Thank you for the suggestion. This is an experiment so I might invest some time to investigate, though I was really looking for something simple. ram currently replicates 100% of its data to all nodes, and requires a 100% replication consensus, so as simple as it gets.

ostinelli · December 29, 2021, 10:55am

So, I’ve tried using GitHub - rabbitmq/ra: A Raft implementation for Erlang and Elixir that strives to be efficient and make it easier to use multiple Raft clusters in a single system.

I’ve found some minor quirks (like inconsistencies when using ra:start() vs application:ensure_all_started(ra), or ra:overview() blowing up if ra is not started), but overall the main issue I can see with my main requirement of simplicity of use is that ra needs specific handing of cluster initialization & changes. Just like mnesia, in some way.
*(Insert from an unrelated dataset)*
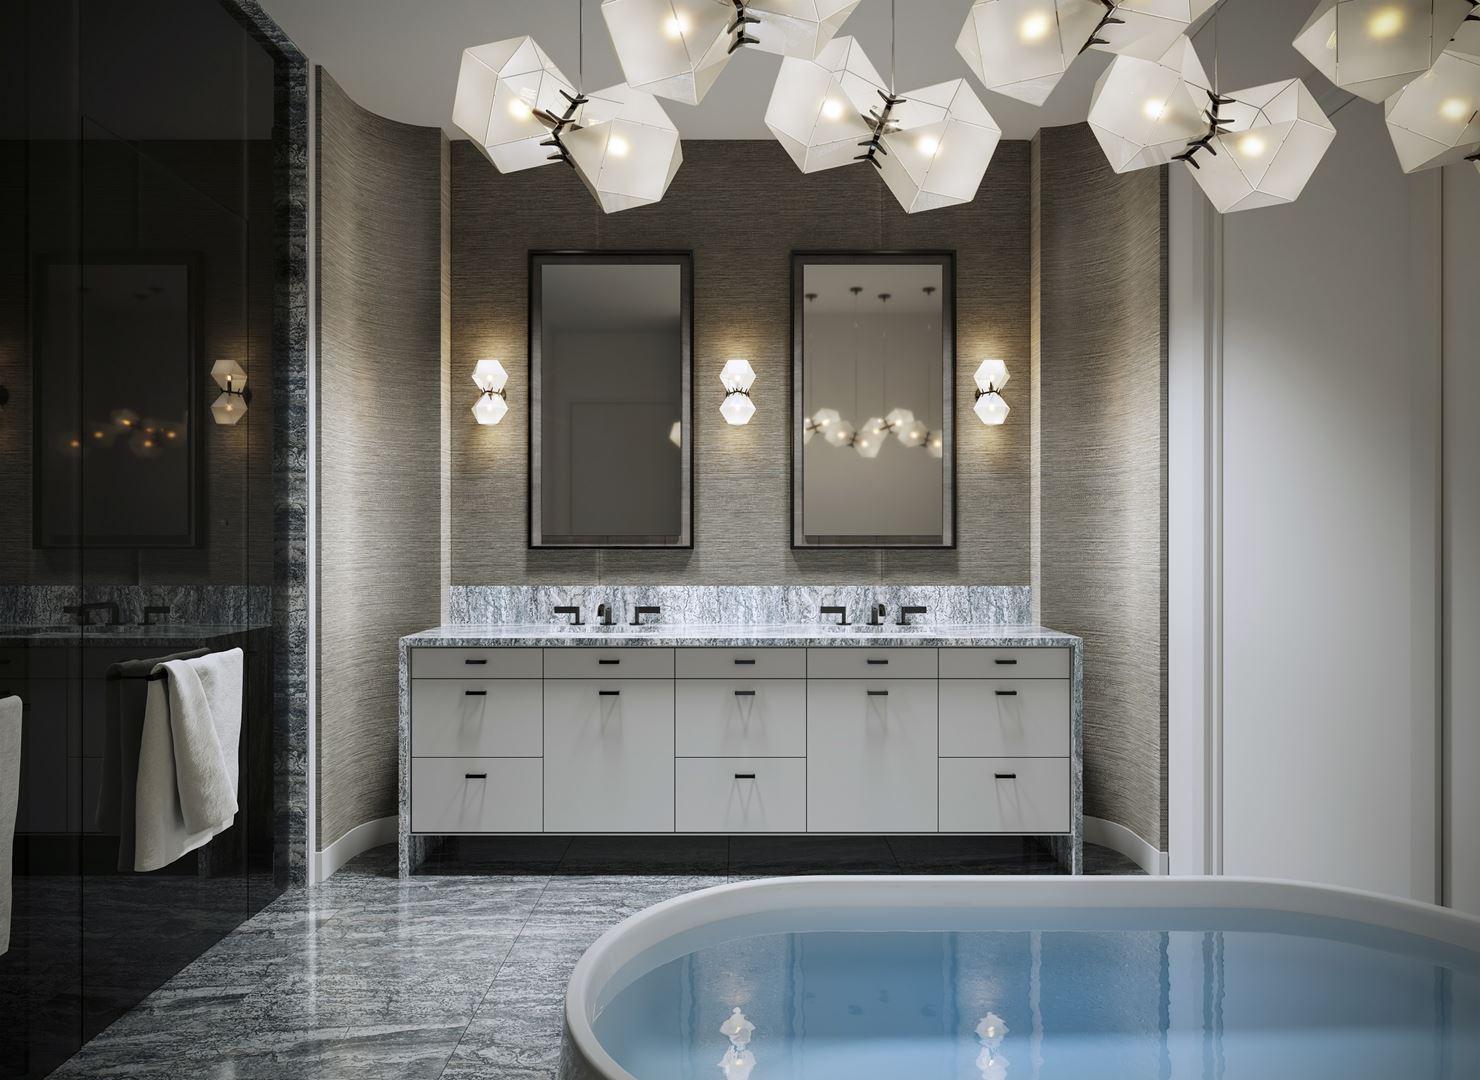 Rendering of 10 Prince Arthur Condos Bathroom.

You can’t simply add / remove a node automatically, you need to specifically manage its addition to an existing cluster, and you can only do so one node at a time. You can’t simply “merge” nodes of different clusters for instance, afaik. This requires some level of sys-op tooling. It’s not an issue per se’ of course, it’s just that I’m looking for something simple to use and deploy.

Also, I’ve tried reading about how to manage conflict resolution handling in case of net-splits, but I couldn’t find a specific place where to look at. Admittedly I haven’t spent a lot of time searching for this one in particular, so I may have just missed it.
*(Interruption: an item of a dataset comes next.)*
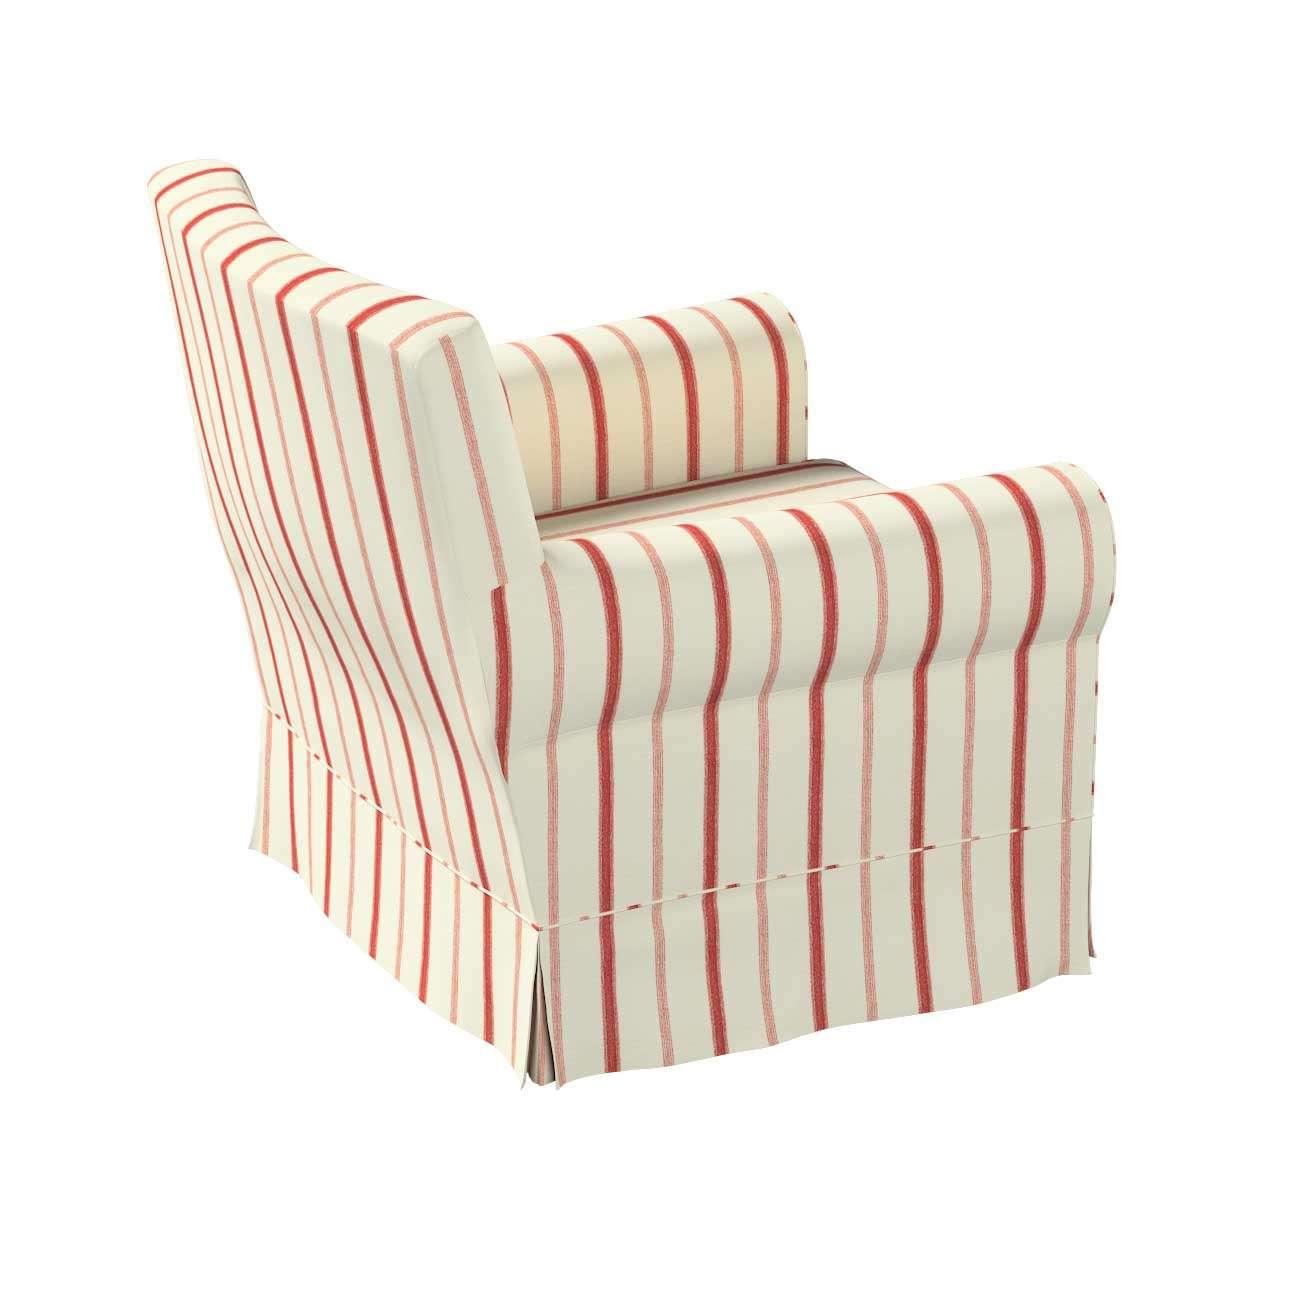 Pokrowiec na fotel Ektorp Jennylund w kolekcji Avinon, tkanina: 129-15

My little experiment ram handles all of these things btw, but it probably has other issues that are instead perfectly handled by ra.

ostinelli · January 4, 2022, 6:38pm

A small update on this.

My original (experimental) intent was to have a consistent distributed in-memory database, which would also automatically be able to automatically manage dynamic clusters (addition / removal of nodes) and to recover from net splits.

I have made strongly eventually consistent systems that automatically configure themselves before (like syn), however consistency is of course a whole different beast.

ram v0.2.0’s operations used global locks and transactions with a 2-phase commit. However, in case of net-splits I’ve basically reached a point where I can ensure strong consistency… on the split sub-clusters. Which basically means that the system as a whole is only eventually consistent.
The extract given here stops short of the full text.